Стоит подняться к себе, как силы покидают меня. Опускаюсь на край кровати и долго смотрю в одну точку. В голове царит хаос, на душе пусто. С одной стороны, чувствую облегчение, что объяснение позади, с другой — не представляю, как разрешить ситуацию, не причинив боль близким мне людям.

Из транса меня выводит слабый звук телефона, доносящийся из рюкзака. Достаю трубку и, едва взглянув на экран, прикладываю к уху:

— Как все прошло? — спрашивает Даня. Кажется, что он совершенно спокоен, но я чувствую, что за нарочитой уверенностью кроется беспокойство.

— Плохо, как я и ожидала, — со вздохом отвечаю я.

— Давай я приеду, — предлагает он. — Поговорю с ним.

— Не самая лучшая идея, — возражаю я. — Сейчас точно нет.

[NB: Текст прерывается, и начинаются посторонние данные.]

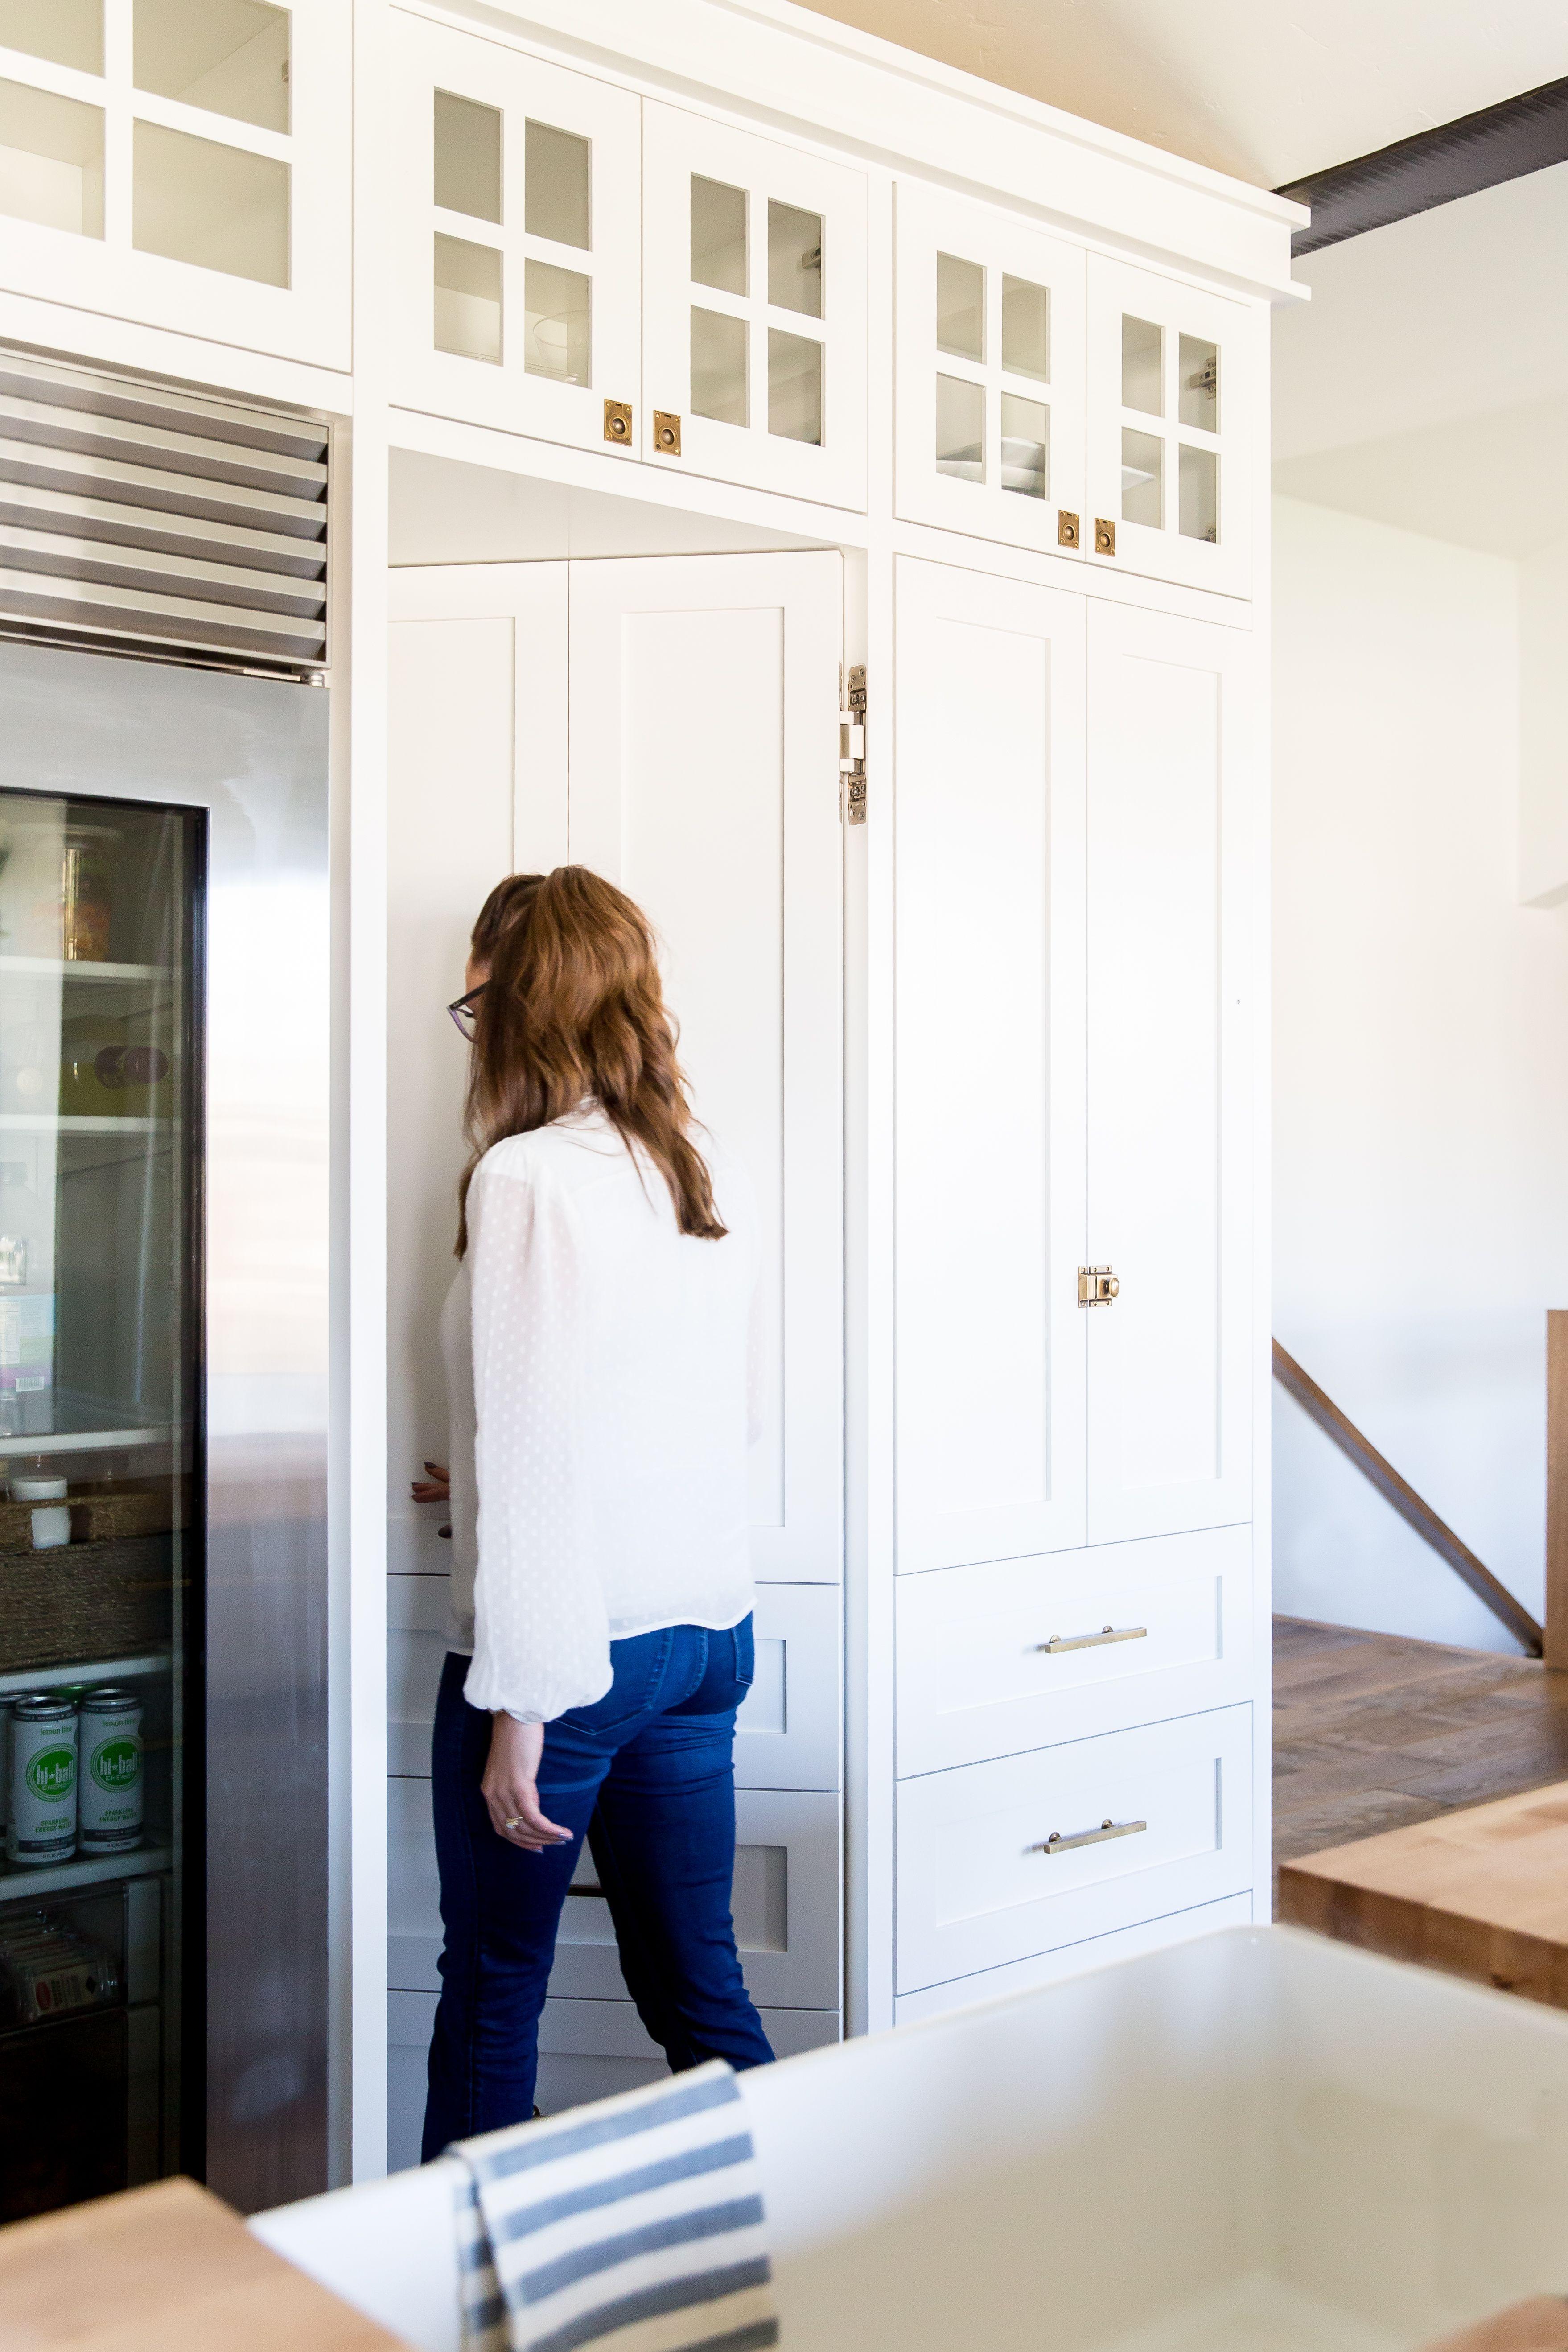 hidden pantry k i t c h e n s Pinterest Pantry Doors and

Пусть он остынет.

— Приедешь домой?

Дом. От этого слова сердце томительно сжимается. Он называет нашим домом свою квартиру. Странным образом, я тоже чувствую себя там дома больше, чем в этой комнате.

— Сегодня побуду у родителей, — говорю я. — Завтра увидимся, ладно?

Когда я заканчиваю разговор, в комнату без стука входит отец. Его неподвижное лицо похоже на восковую маску, и от нехорошего предчувствия у меня болезненно щемит сердце.

— Больше ты его не увидишь, — говорит он безапелляционно. — Будешь ездить на учебу и обратно с охраной. С сегодняшнего дня встречи по вечерам тебе строго запрещены.

В замешательстве смотрю на отца, не в силах поверить в то, что он только что произнес. С усилием заставляю себя избавиться от гнетущего чувства обиды и разочарования, и твердо произношу:

— Ты забываешь, что я уже совершеннолетняя. Ты не можешь приказывать мне.

— Могу и буду! Ты моя дочь, — его холодный чужой взгляд на мгновение лишает меня способности дышать.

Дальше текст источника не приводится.